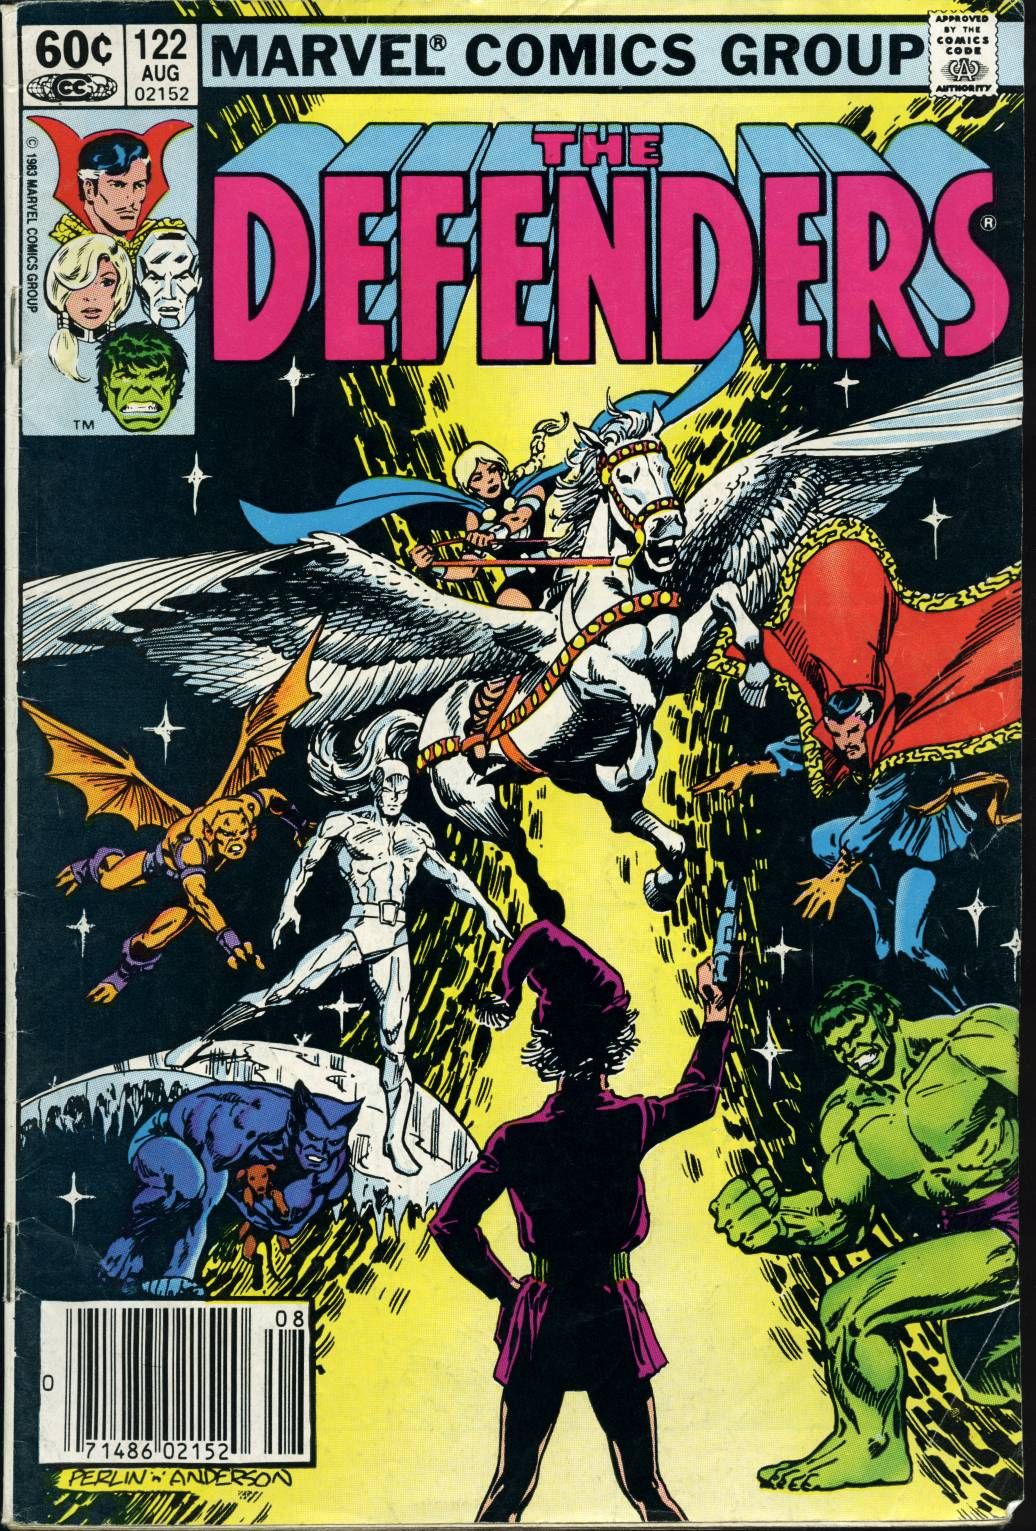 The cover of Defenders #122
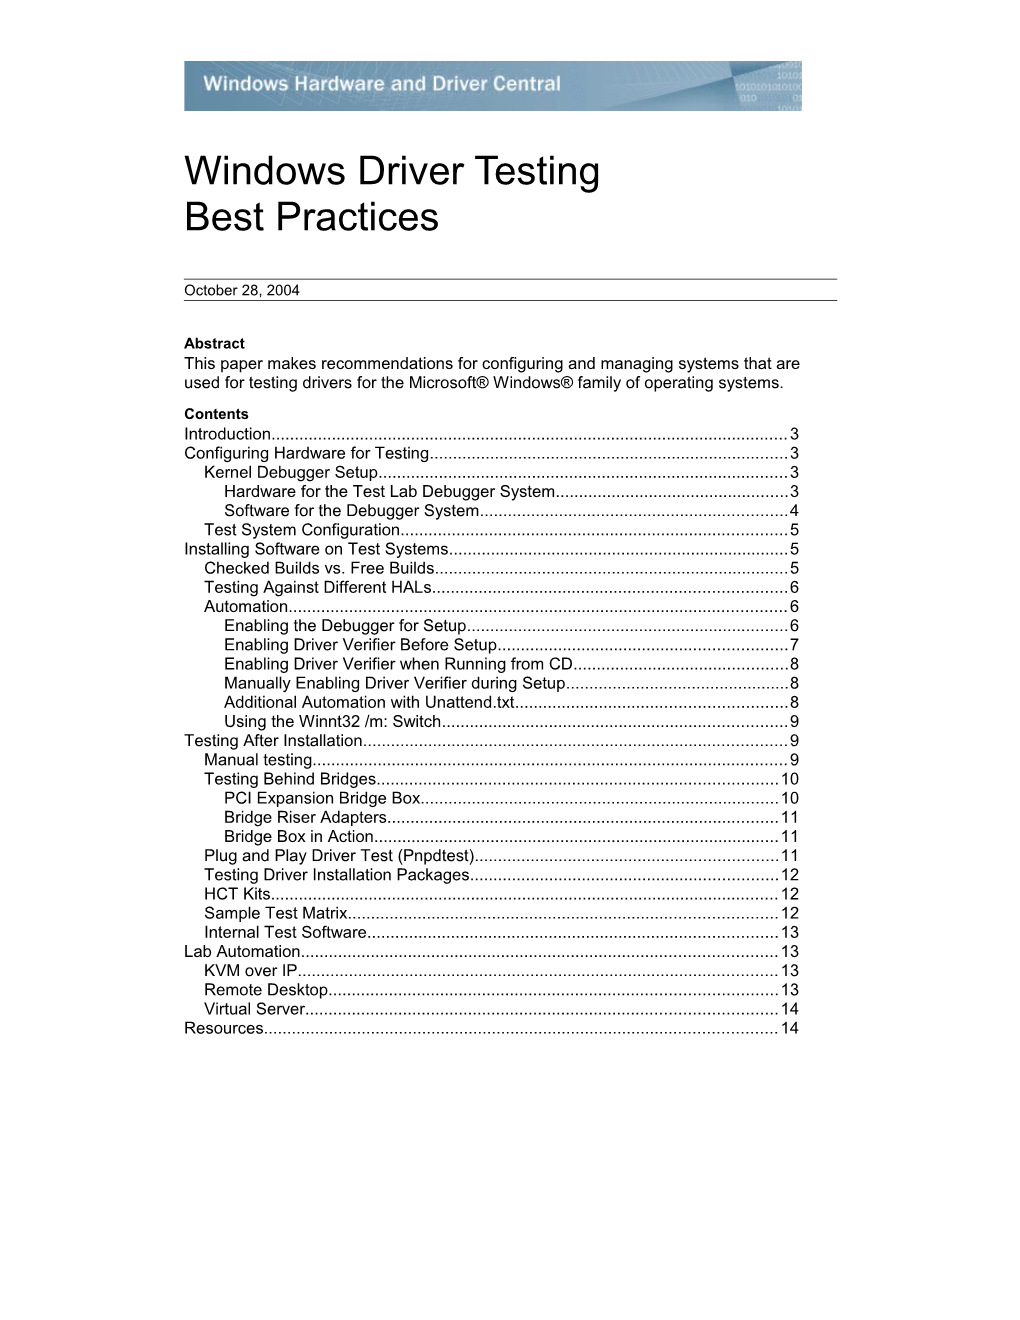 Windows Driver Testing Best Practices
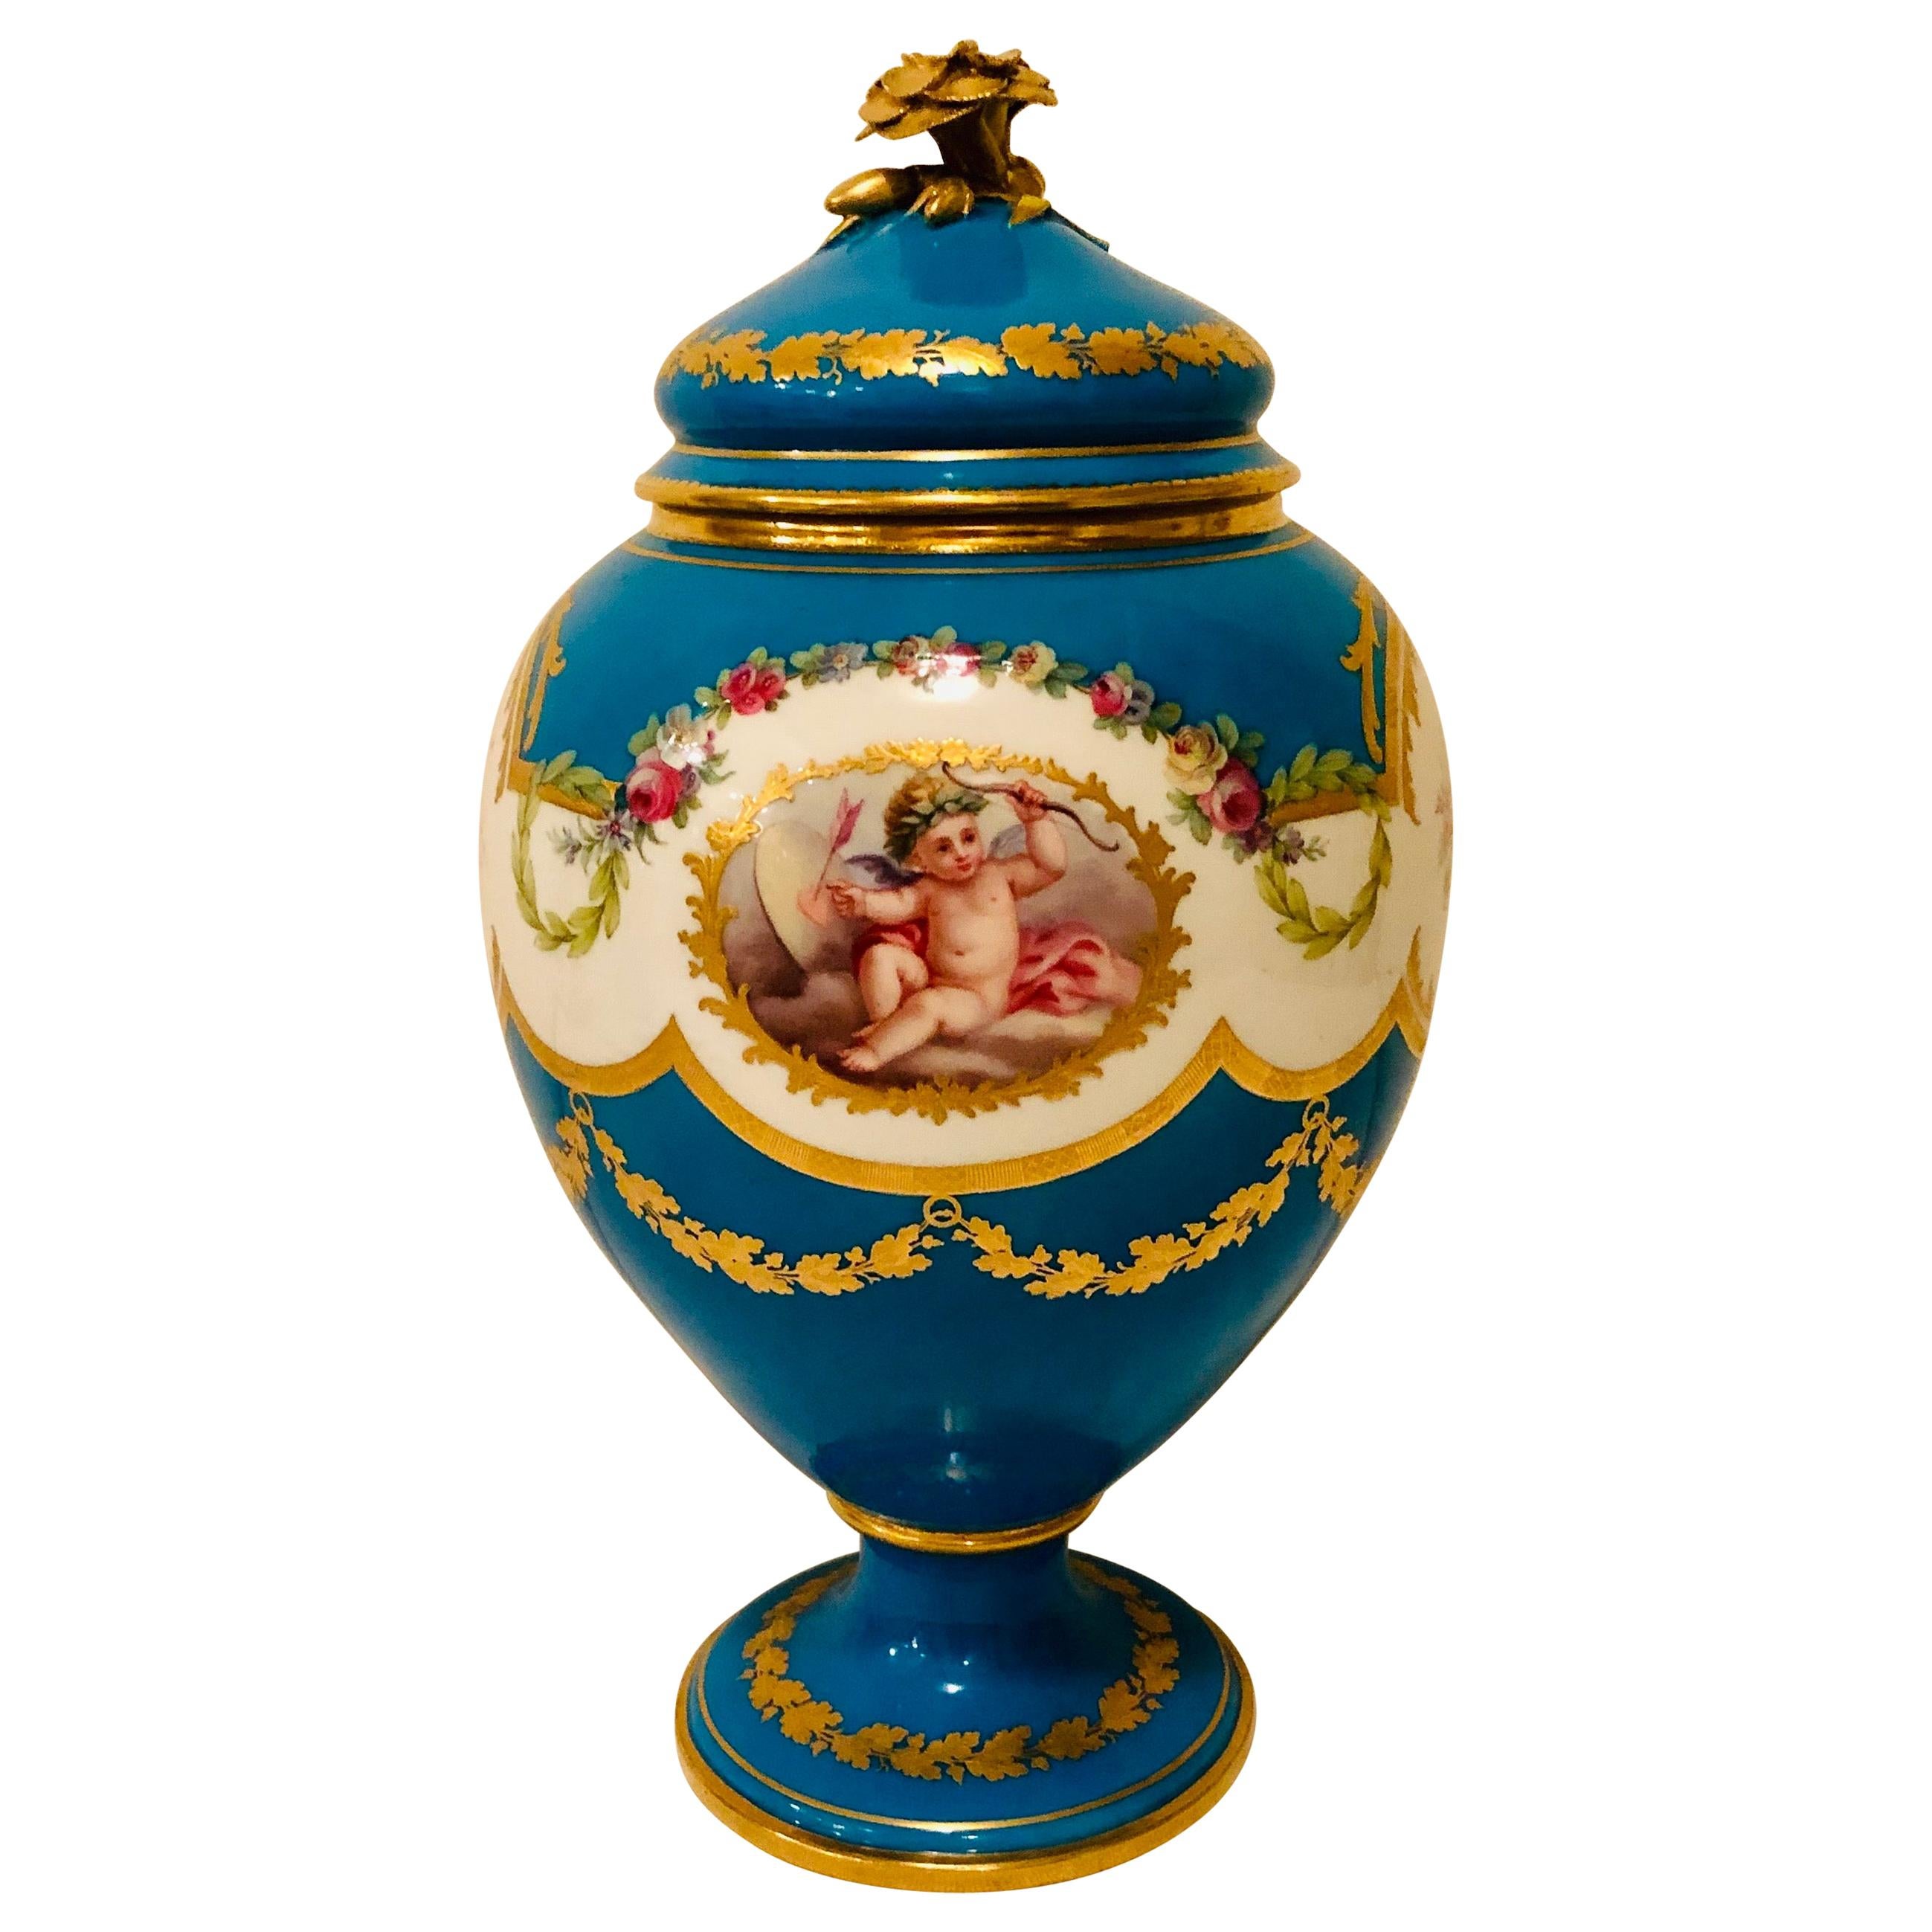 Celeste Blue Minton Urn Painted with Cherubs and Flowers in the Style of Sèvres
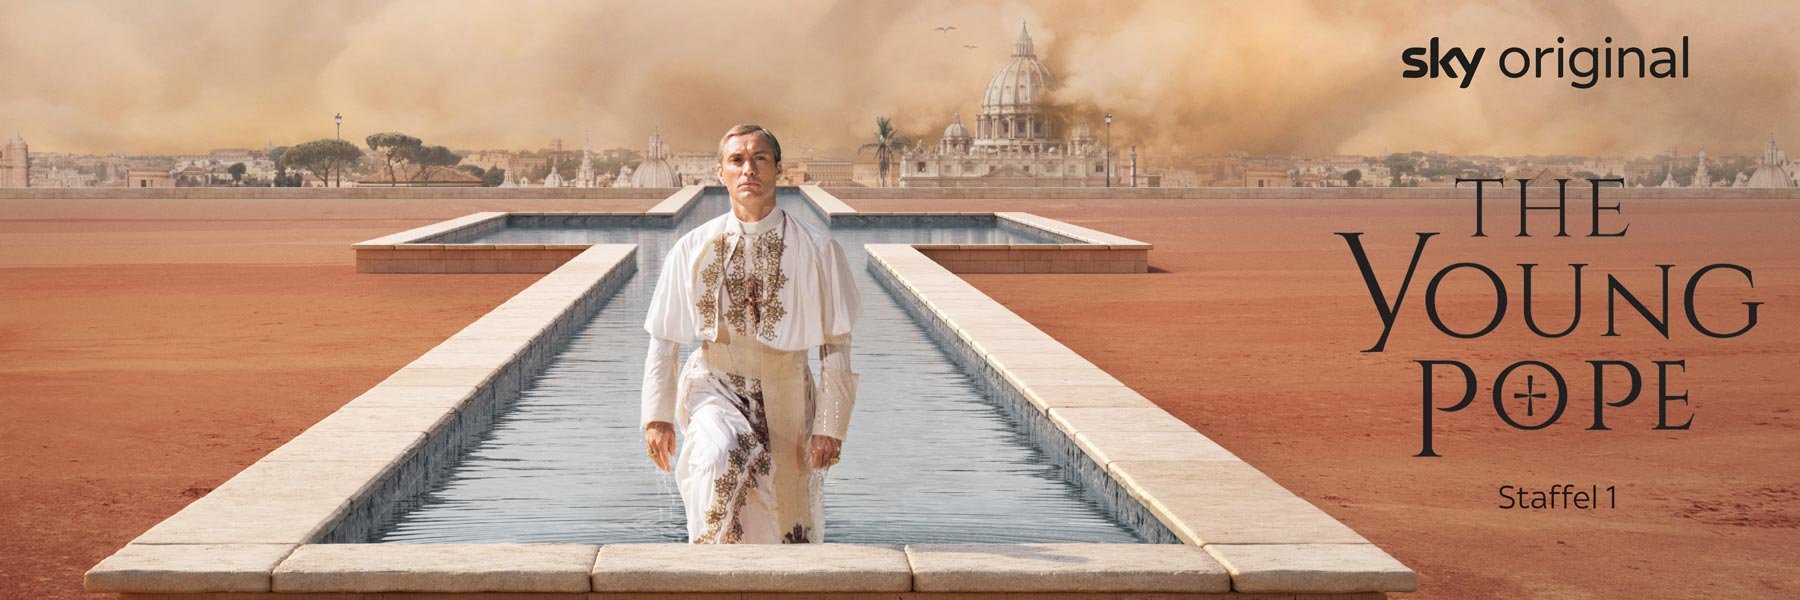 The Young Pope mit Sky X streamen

#####

*EXERCISE*
Repeat the data exactly, excluding the pictures.

*ANSWER BELOW*
 The cover of Defenders #122
 Windows Driver Testing Best Practices
 Celeste Blue Minton Urn Painted with Cherubs and Flowers in the Style of Sèvres
 The Young Pope mit Sky X streamen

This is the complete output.